THE DATA:
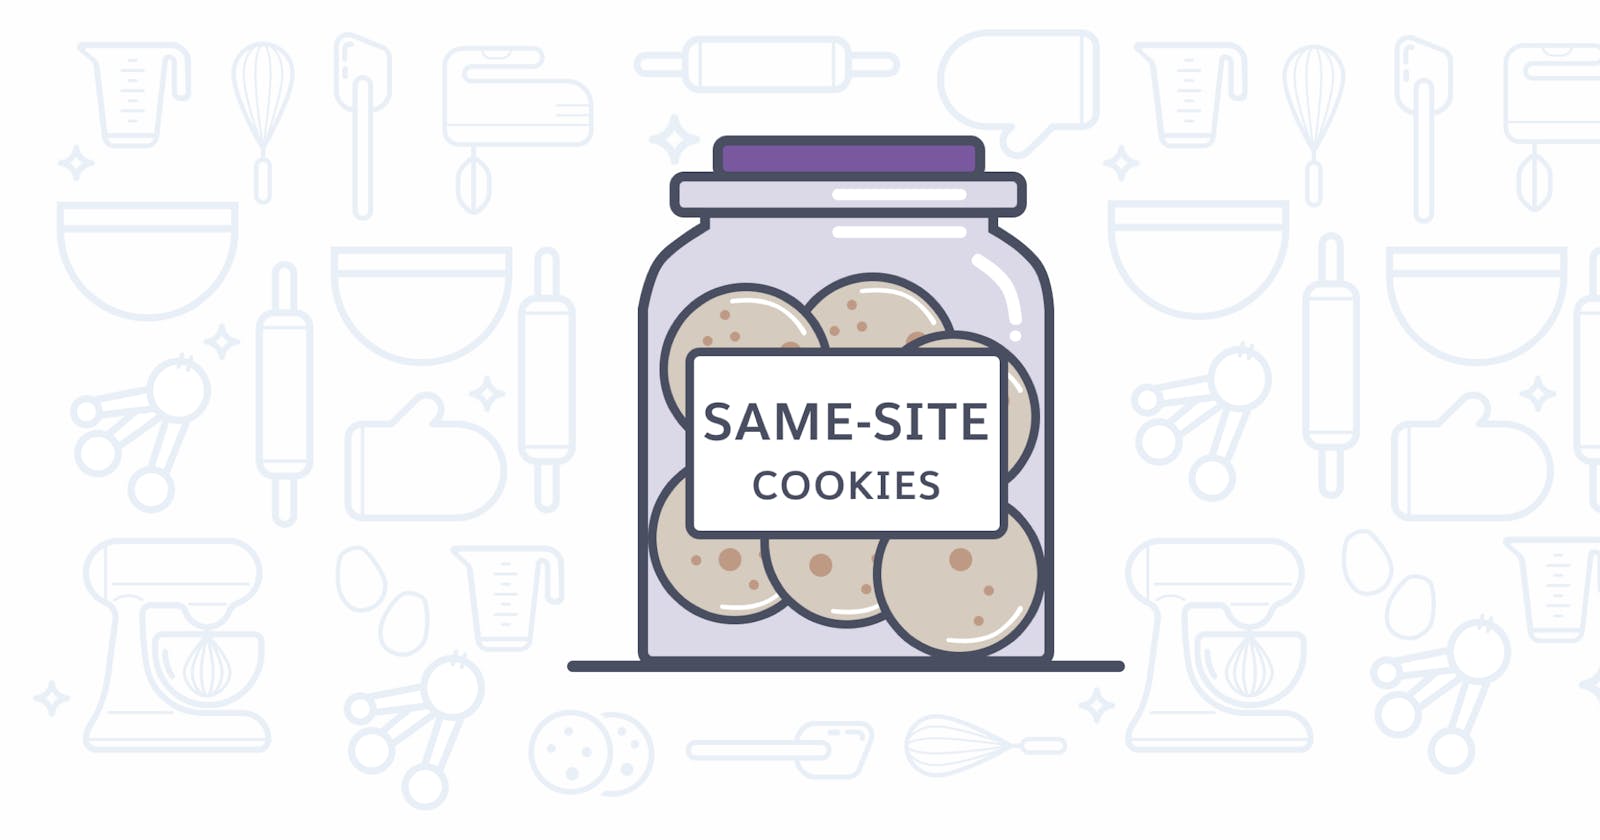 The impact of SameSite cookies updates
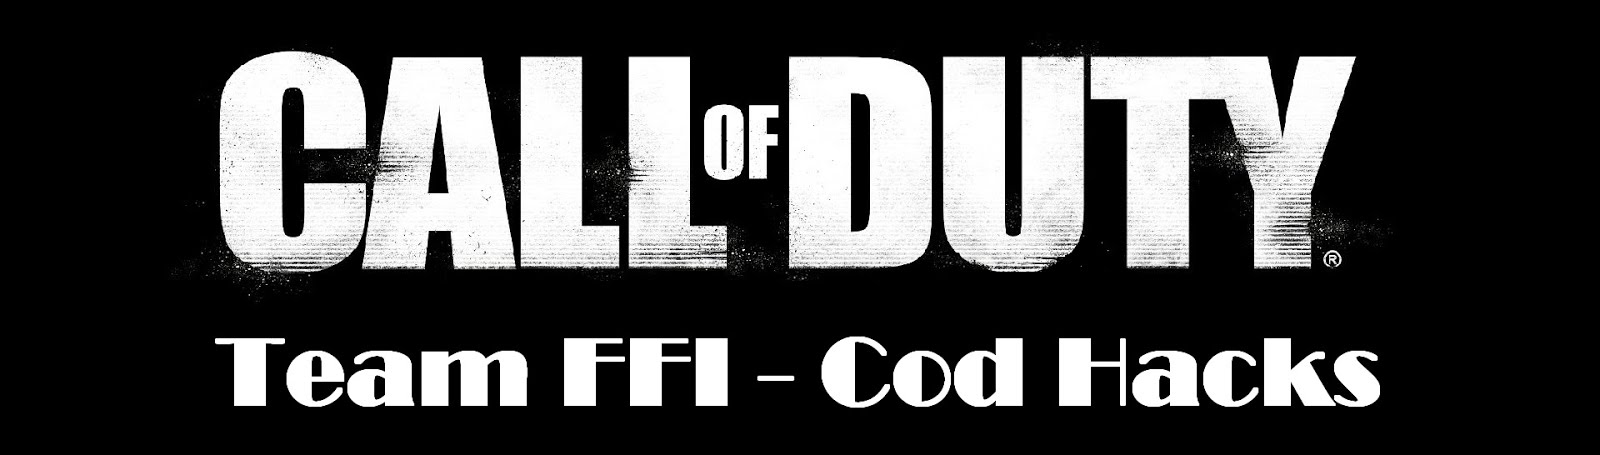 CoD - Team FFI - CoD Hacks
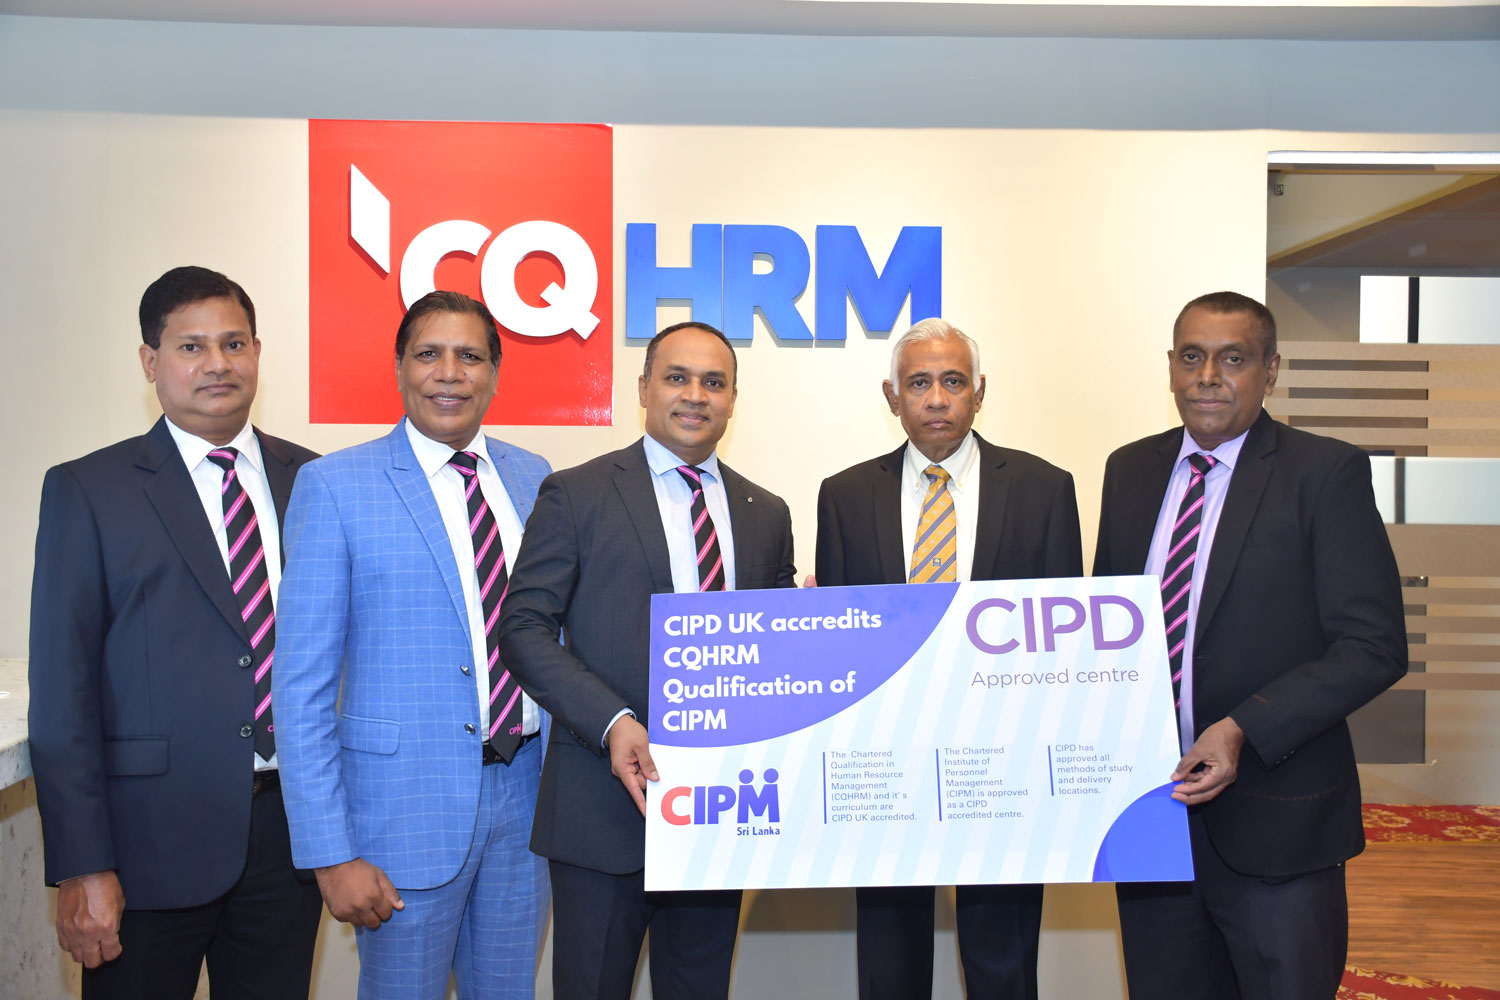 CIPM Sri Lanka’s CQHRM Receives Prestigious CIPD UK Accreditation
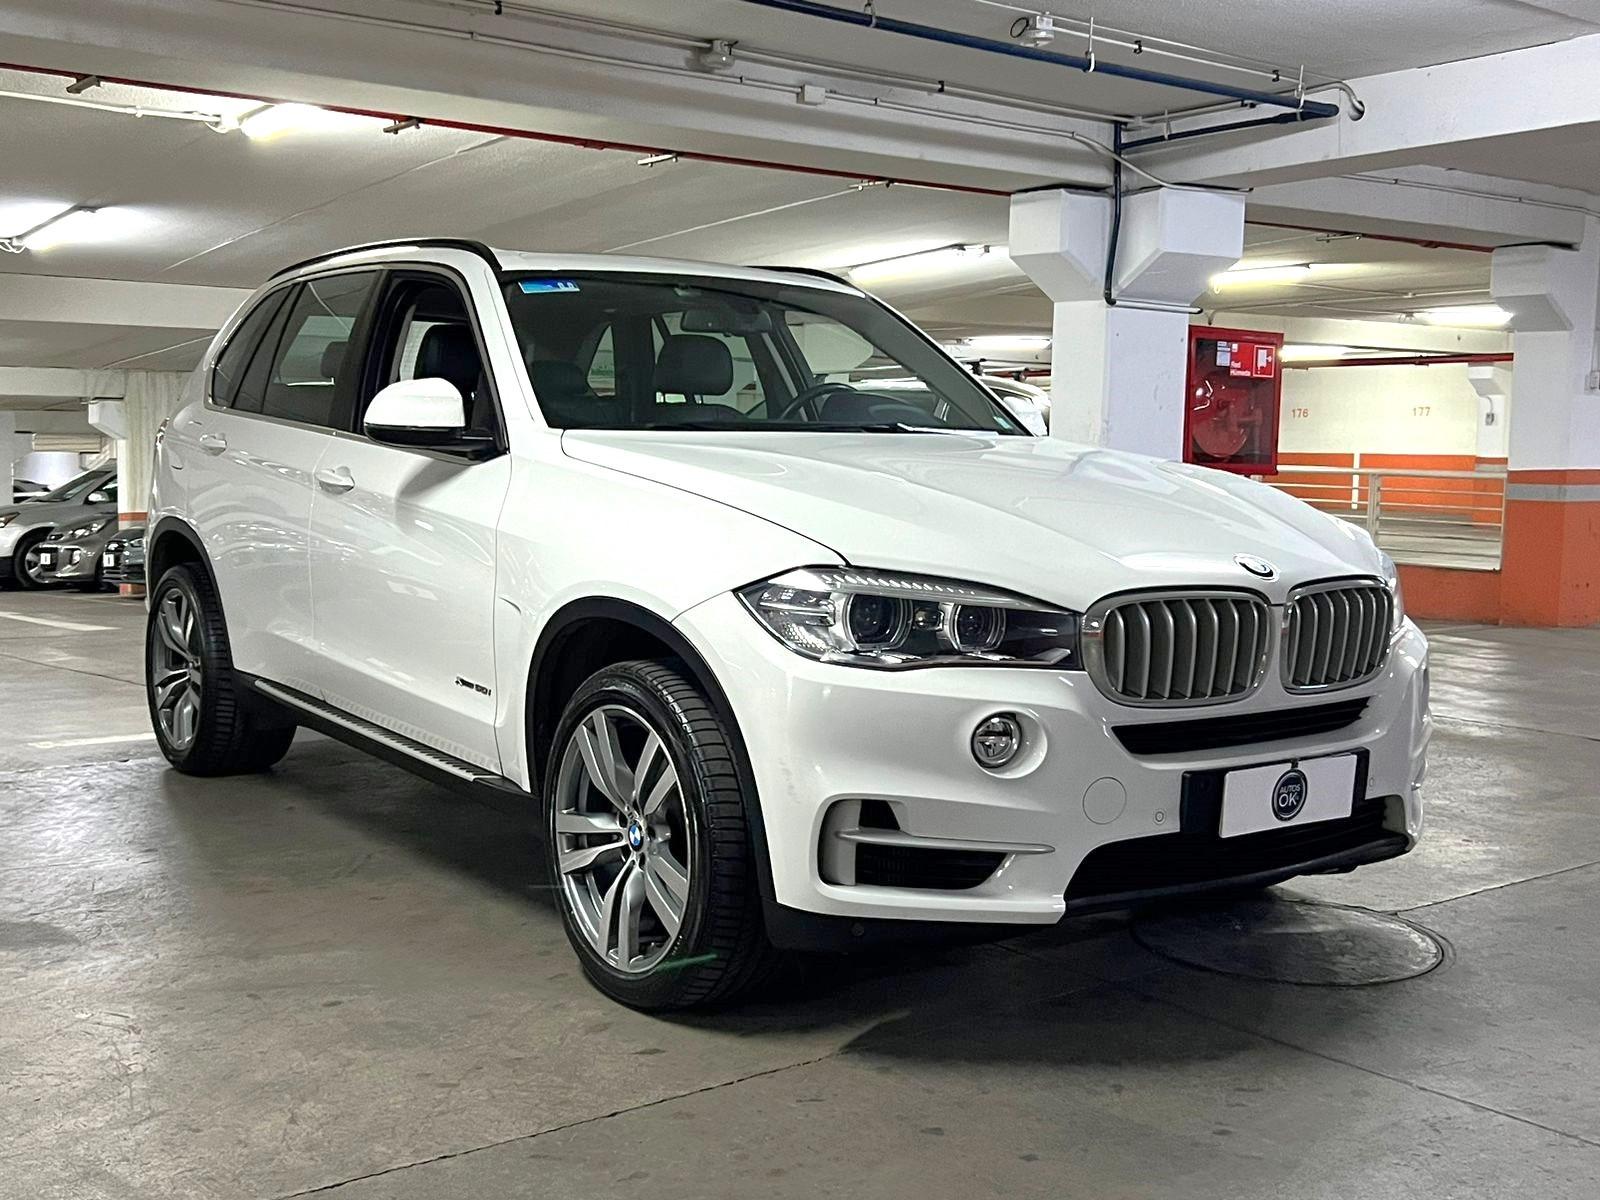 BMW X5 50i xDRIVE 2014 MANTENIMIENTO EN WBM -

TASK STATEMENT: Pictures in the listing above must be skipped; everything else should be copied exactly.

EXERCISE RESPONSE:
 The impact of SameSite cookies updates
 CoD - Team FFI - CoD Hacks
 CIPM Sri Lanka’s CQHRM Receives Prestigious CIPD UK Accreditation
 BMW X5 50i xDRIVE 2014 MANTENIMIENTO EN WBM -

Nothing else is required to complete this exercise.